4 years B.Sc. undergraduate courses and engineering courses

===Faculty of Electrical and Computer Engineering (ECE)===

- Department of Computer Science & Engineering
- Department of Electrical & Electronic Engineering
- Department of Information & Communications Technology

===Faculty of Mechanical Engineering (ME)===
- Department of Mechanical Engineering
- Department of Industrial & Production Engineering also

===Faculty of Civil Engineering(CE)===
- Department of Civil Engineering

=== Faculty of Business Studies ===
- Department of Business Administration
- Department of Accounting and Information Systems

=== Faculty of Science & Humanities ===
- Department of English
- Department of Arts and Sciences

== Regulatory bodies ==

=== Academic Council of BAUST ===

==== Chairman ====
- Vice Chancellor, Bangladesh Army University of Science and Technology

==== Members ====
- Pro Vice Chancellor
- All Deans
- All Department/Institute Heads
- One Professor from Each Department
- Three Education Patron Nominated by Board of Trustees
- Two Educationalist Nominated by Syndicate

==== Member secretary ====
- Registrar, BAUST

==Student life==
To break the monotony of study different cultural programs are arranged at regular intervals.

==Student's dress==
It is mandatory for students to wear dress with displayed identity card as per 'Dress Code' prescribed by BAUST authority.

== Halls of residence ==
BAUST has individual halls for male and female students. Hostel administration is performed by the provost who is selected from one of the senior teachers of the all departments or Ex-Army Officer.

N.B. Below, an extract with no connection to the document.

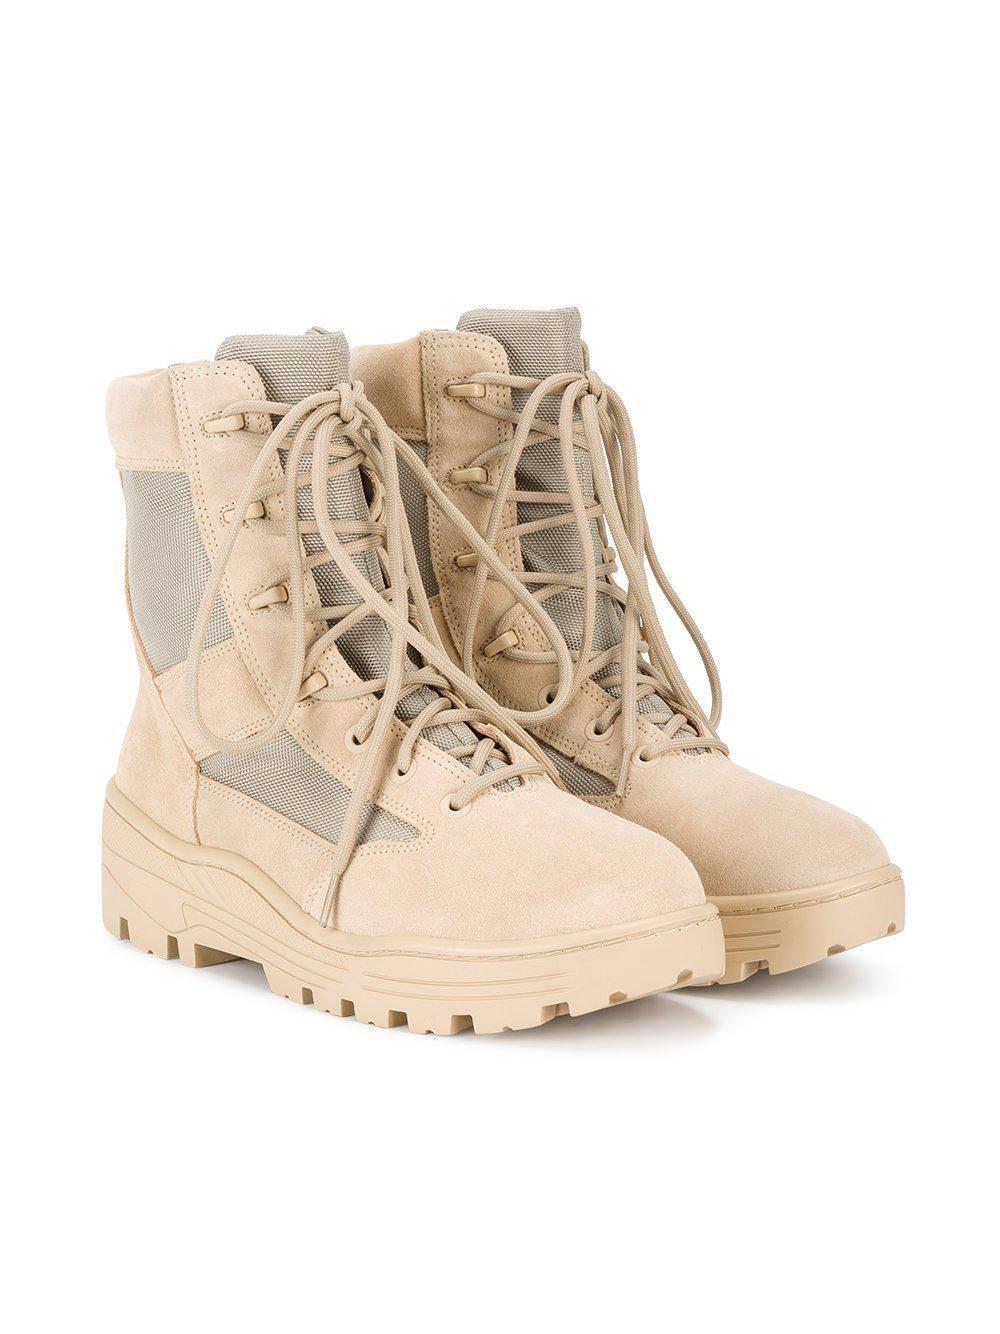 44e9e0ac70726 Lyst - Yeezy Combat Boot Crosta Light Sand Calfskin Suede in Natural ...

===Abbas Uddin Ahmed Hall===
Abbas Uddin Ahmed Hall (A U Ahmed Hall) is named after Abbasuddin Ahmed, the famous folk artist of Bangladesh. A U Ahmed Hall is a 4 storied building with only male students, having a capacity of 500 students. There are 20 staffs for hall. A U Ahmed Hall is known for the security of the students compared to the other hall in the country. Students get various modern facilities such as 24-hour electricity, 24/7 internet service, gym, games and sports facilities. Annual hall festival is being celebrated in November of every year.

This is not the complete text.